Rimli Sengupta’s debut novel is marked by a struggle between the putative historian’s methodological proclivities and the private individual’s quest for family history and personal identity. What emerges in the bloody aftermath is a disorienting hybrid of fact and fiction, a genre-bending work that wears its internal conflict as a trophy and a badge.
The story is as old as the hills: star-crossed childhood sweethearts Ramesh (‘Shishu’) and Noni are parted by his participation in the armed freedom movement in Bengal and her marriage at 16. He witnesses fourscore years of devastating political turmoil, suffers horrific physical torture in Alipore Central Jail and the Andamans Cellular Jail, and undergoes paralysing ideological crises. Throughout it all, he retains his sanity by filling a notebook with poems for his childhood muse.
Troubling plot
Noni, meanwhile, has survived appalling conditions as a refugee in Calcutta after Partition and produced a now-affluent and thriving family over 50 strong. The one-sided record of this unconventional love survives in the form of Shishu’s poetry journal and is narrated by Noni’s granddaughter.
The trouble with this plot, constructed in the best realist tradition, is that it is all true. Sengupta offers an account “from below”, using the shadows cast by family heirlooms (notebook, mirror, photograph) as material archive to write an alternative history of India’s freedom movement, focusing on East Bengali (‘Bangal’) and Dalit participation.
As novelist, she writes richly imagined fictional scenes of meetings, partings, and journeys. As memoirist, however, the intrusion of the autobiographical “I” comes as a shock.
Towards the end of the book, she holds a debate with “ghost Shishu” about the impossibility of “X-raying the central, heritable fracture of our people”. Strangely, however, Noni does not receive the compliment of imaginary conversations with her granddaughter but remains an enigmatic, albeit catalytic, figure in the narrative.
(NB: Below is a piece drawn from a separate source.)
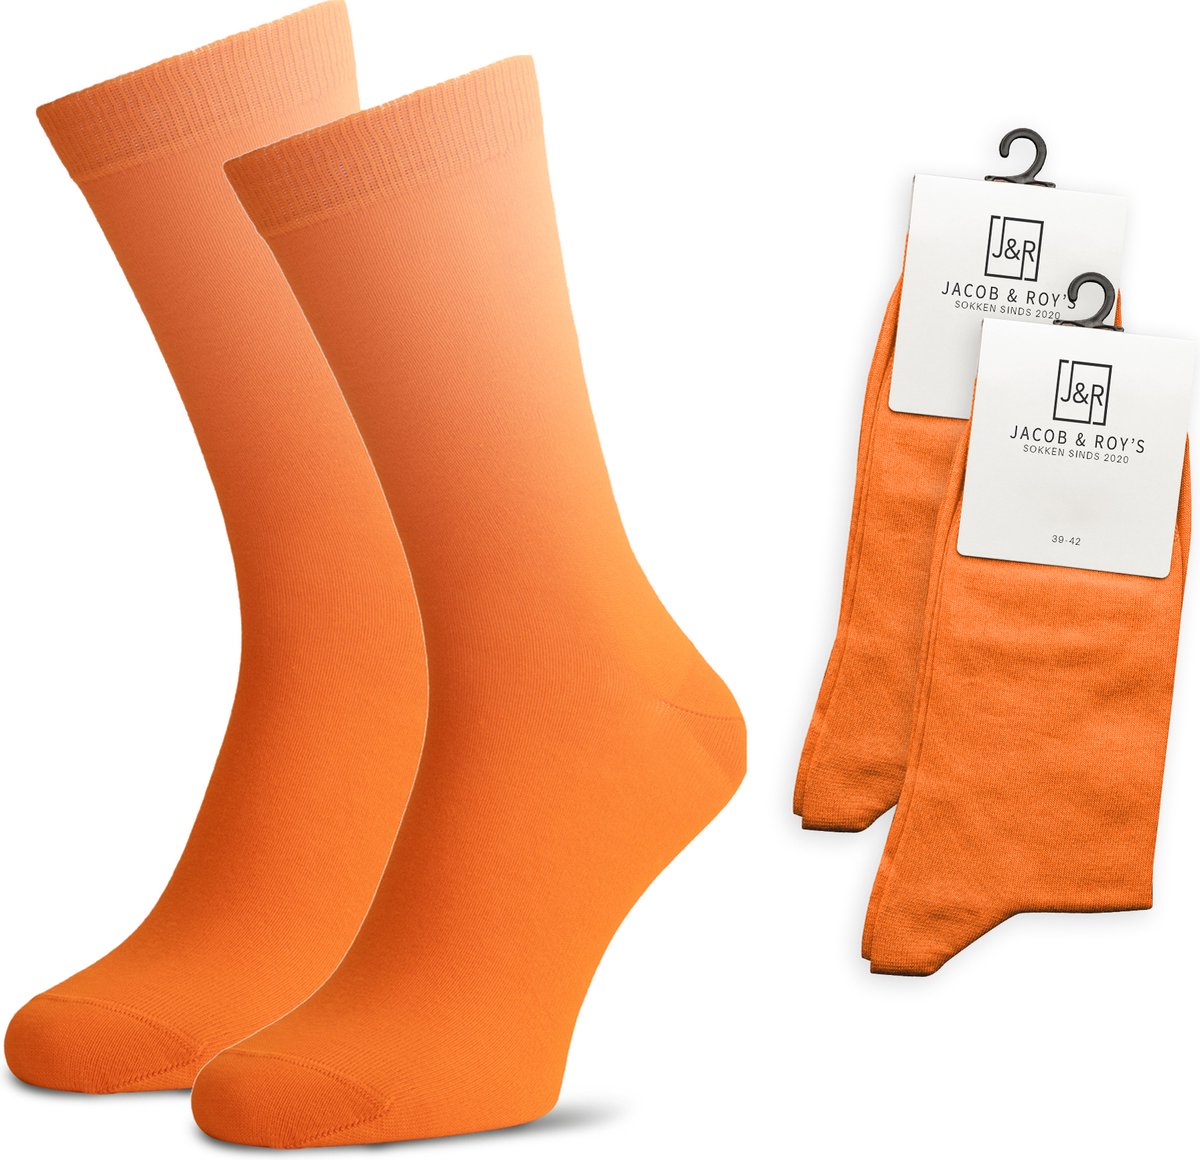 Jacob & Roy's 2 Paar Oranje Sokken - Kousen - Heren & Dames - Leuke Sokken - Vrolijke Sokken - Grappige Sokken - Katoen - Maat 39-42 - Funny Socks - Gekleurde Sokken Waar Je Happy Van Wordt

The response of this historiographer, granddaughter, and self-styled “willing refugee from engineering academia” to the “full slap of history” that “lands only in hindsight” is to hold the written text hostage to its genres, keeping the reader deliberately off-balance, unable to discriminate between truths metaphorical and literal.
“If you quit trusting me,” she says in the beginning, “I’ll understand.” We cannot help being profoundly grateful for her understanding.
A Lost People’s Archive
Rimli Sengupta
Aleph
₹699
The reviewer is Assistant Professor, English, at IIT-Guwahati.